The theory of boosting is broadly connected to other research fields, but has only been fully developed for the simplest learning problems. Nevertheless, in practice, boosting is commonly applied in settings where the theory lags well behind. We do not know if such practical methods are truly best possible; even for binary classification, it is not clear how to best exploit what is known about how boosting operates. New challenges will demand an even greater widening of the foundations of boosting.
The goal of this project is to develop broad theoretical insights and versatile algorithmic principles. The aim is to study game-theoretically how to design the most efficient and effective boosting algorithms possible.

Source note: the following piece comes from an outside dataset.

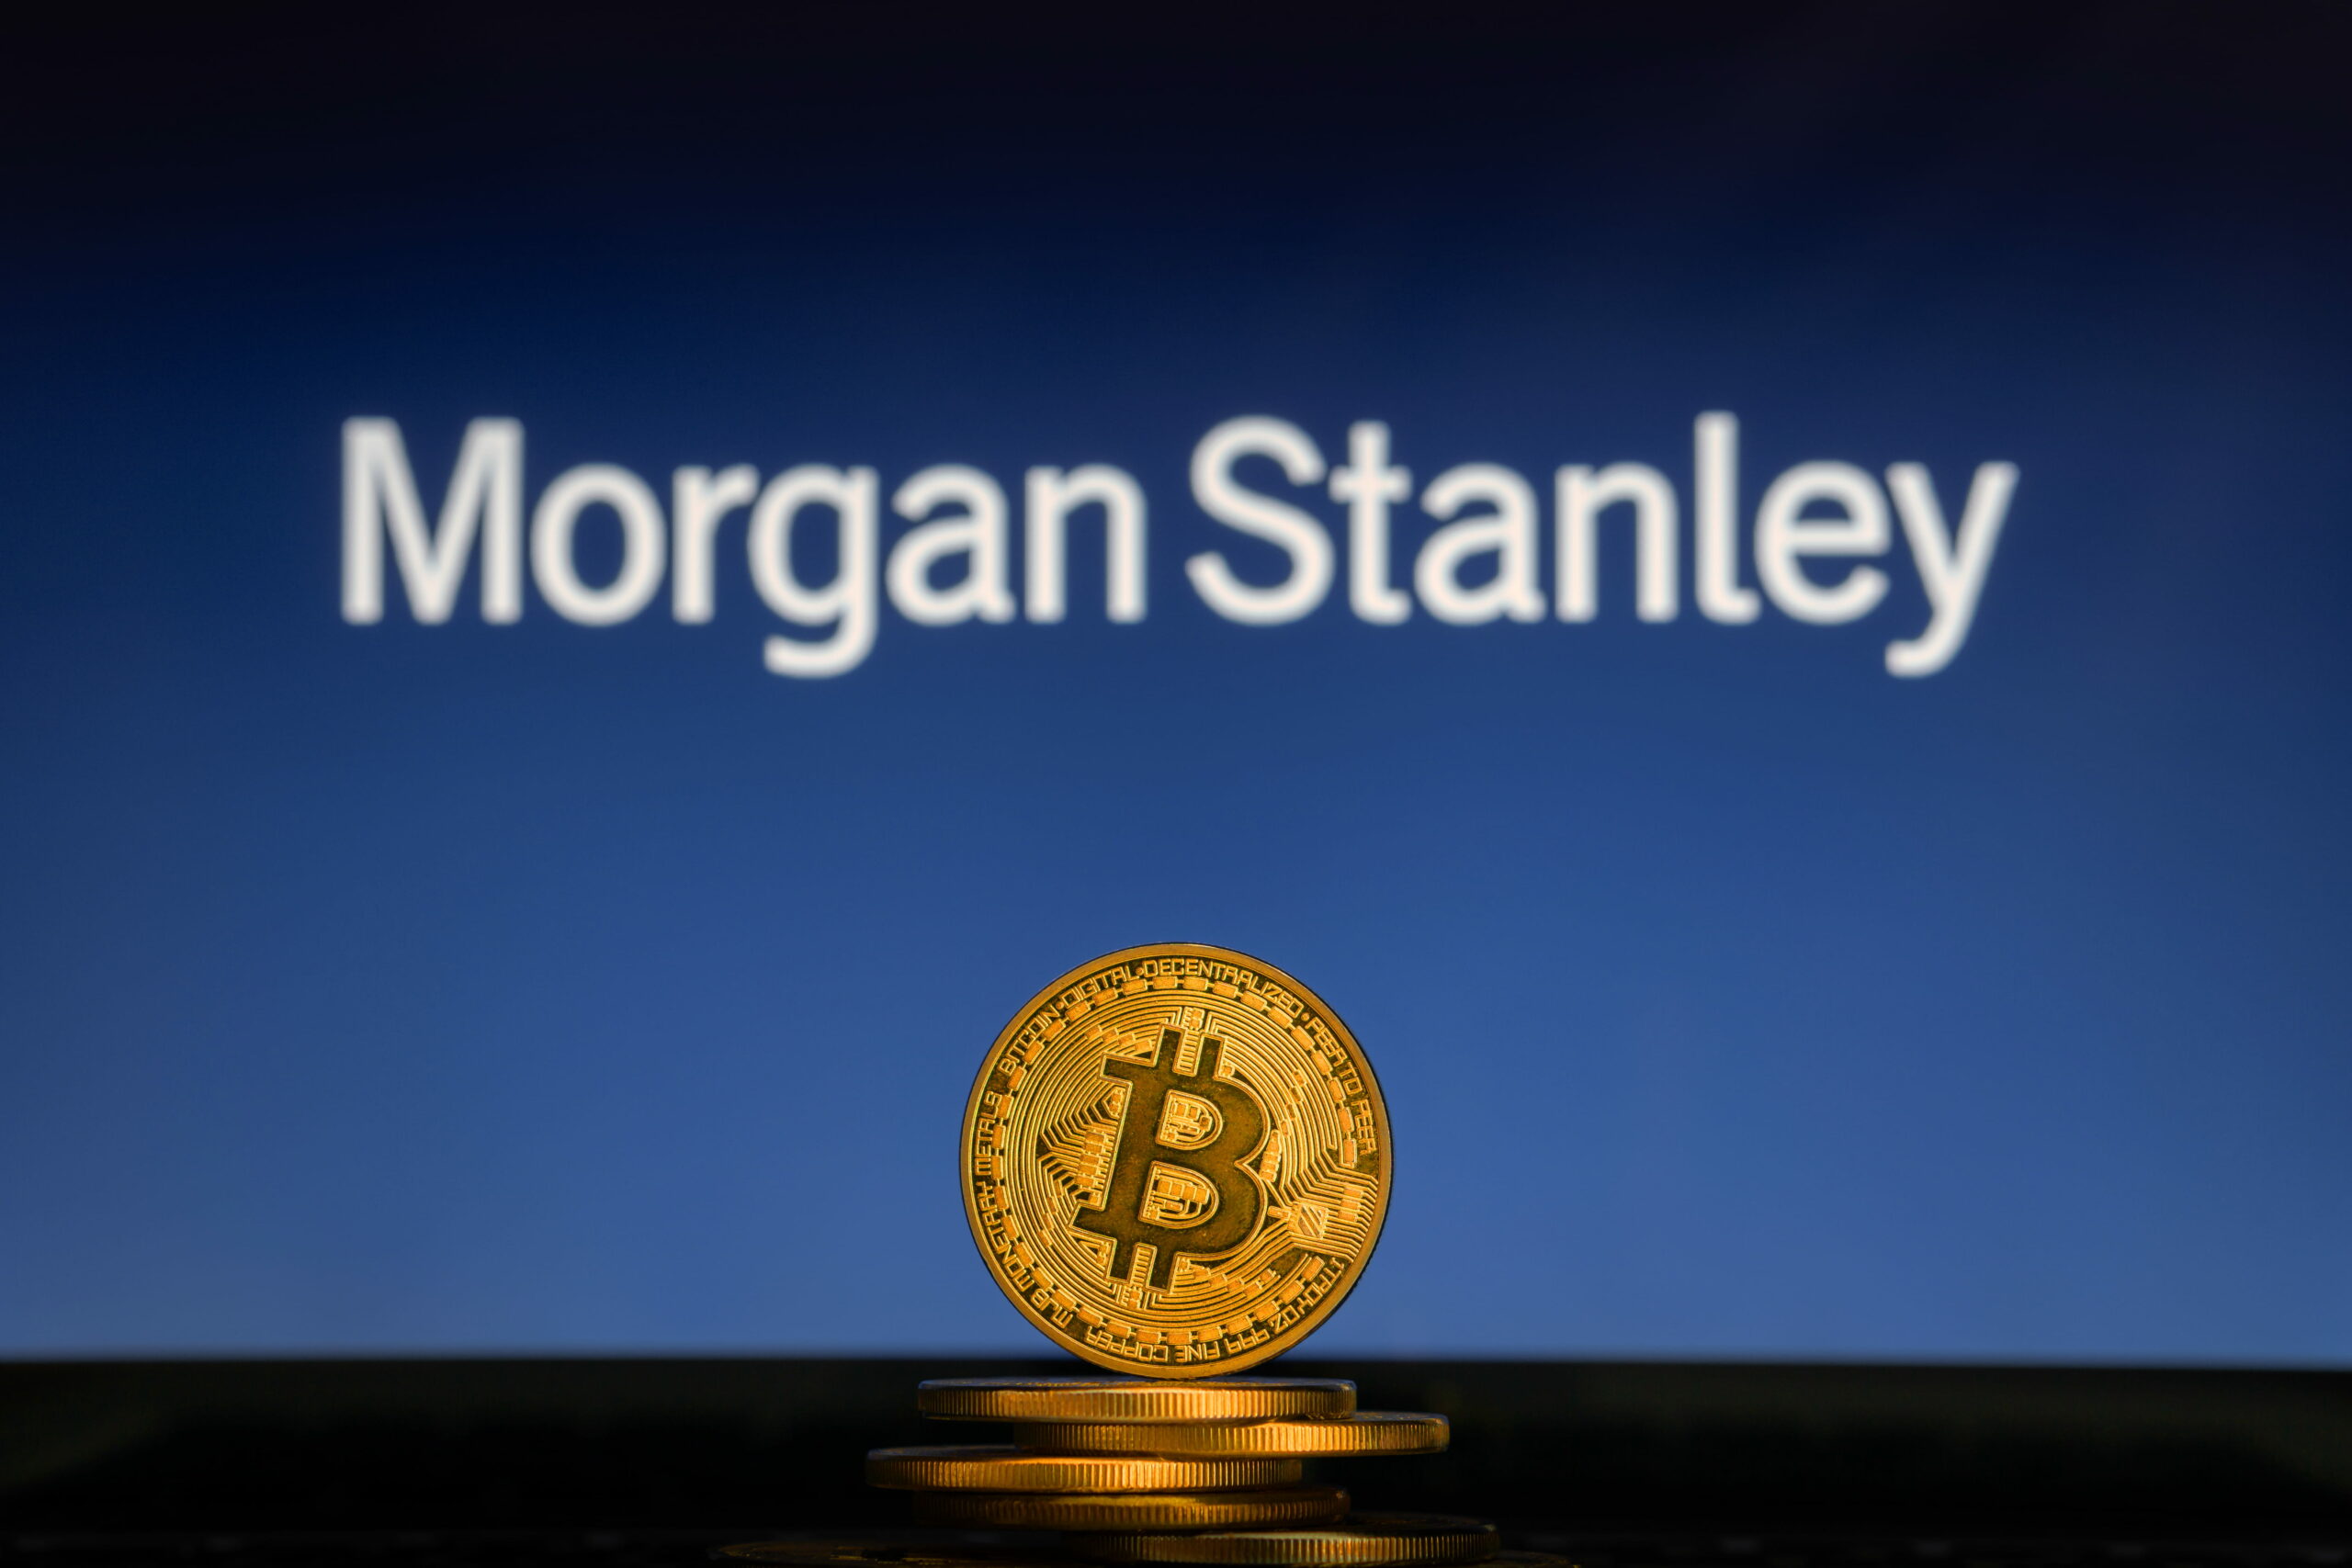 Bitcoin Stalls as Morgan Stanley Increases Its BTC Exposure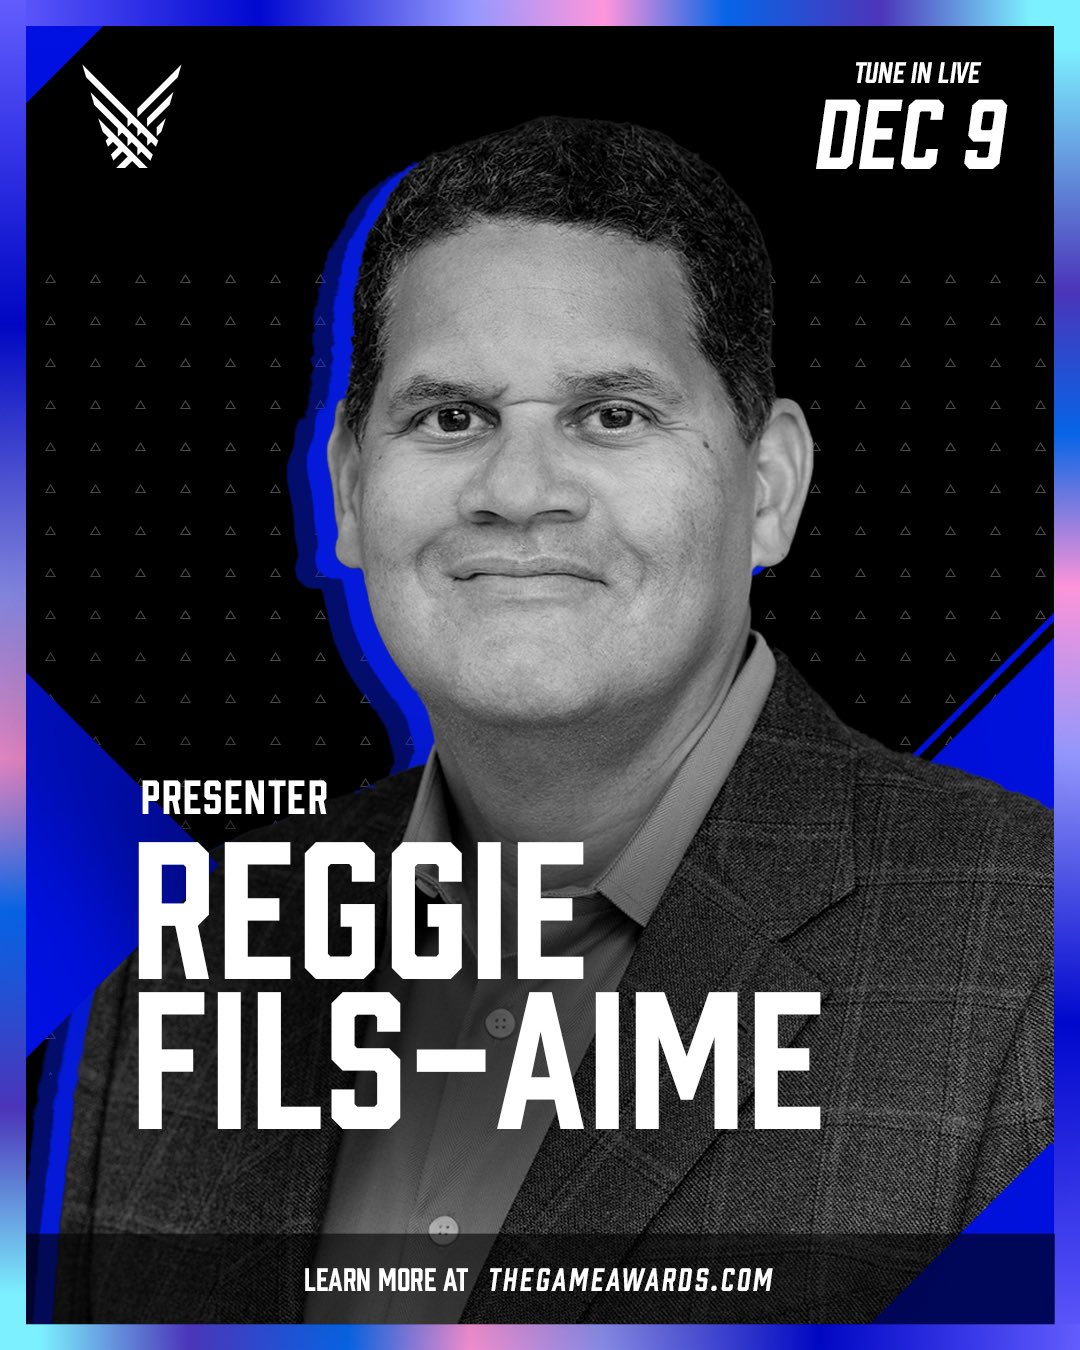 FFneyyLVEAUk CO | Nintendo | Reggie Fils-Aime อดีตประธาน Nintendo อเมริกาจะมาปรากฎตัวในงาน The Game Awards 2021

Research on boosting is spread over many years. across multiple publications and disciplines. To organize this body of work, a significant activity of this project is the completion of a book on boosting which will provide a valuable resource for students and researchers of diverse backgrounds and interests.
Boosting has historically had a major impact on areas outside machine learning, such as statistics, computer vision, and speech and language processing. Thus, there is a strong potential for work at its foundations to have a broad impact on these other research and application areas as well.
This project focused on a widely-used set of machine learning methods called "boosting", an approach based on the idea of combining many carefully trained weak prediction rules into a single, highly accurate classifier. Our objective was to develop theoretical insights and algorithmic principles with the aim of broadening the practical applicability of such methods. A game-theoretic approach was especially central to this project. The results of this project have helped to clarify central properties of boosting methods regarding how and why they work. They have led especially to an entirely new understanding of how these methods can be used for multiclass problems (where we are trying to classify among many possible classes). More broadly, this research shed light on other methods related to boosting, including so-called online learning algorithms where we were able to derive some techniques with very favorable theoretical and practical properties that do not depend on demanding assumptions as had been the case with previous methods. Part of this project also focused on applying boosting methods to human EEG/MEG brain activity with the intention of understanding in precise detail the timing of simple acts of will in the brain. A book on boosting was completed and published with partial support from this grant. A graduate course at Princeton was also developed on this same topic. This grant supported three graduate students and one masters student.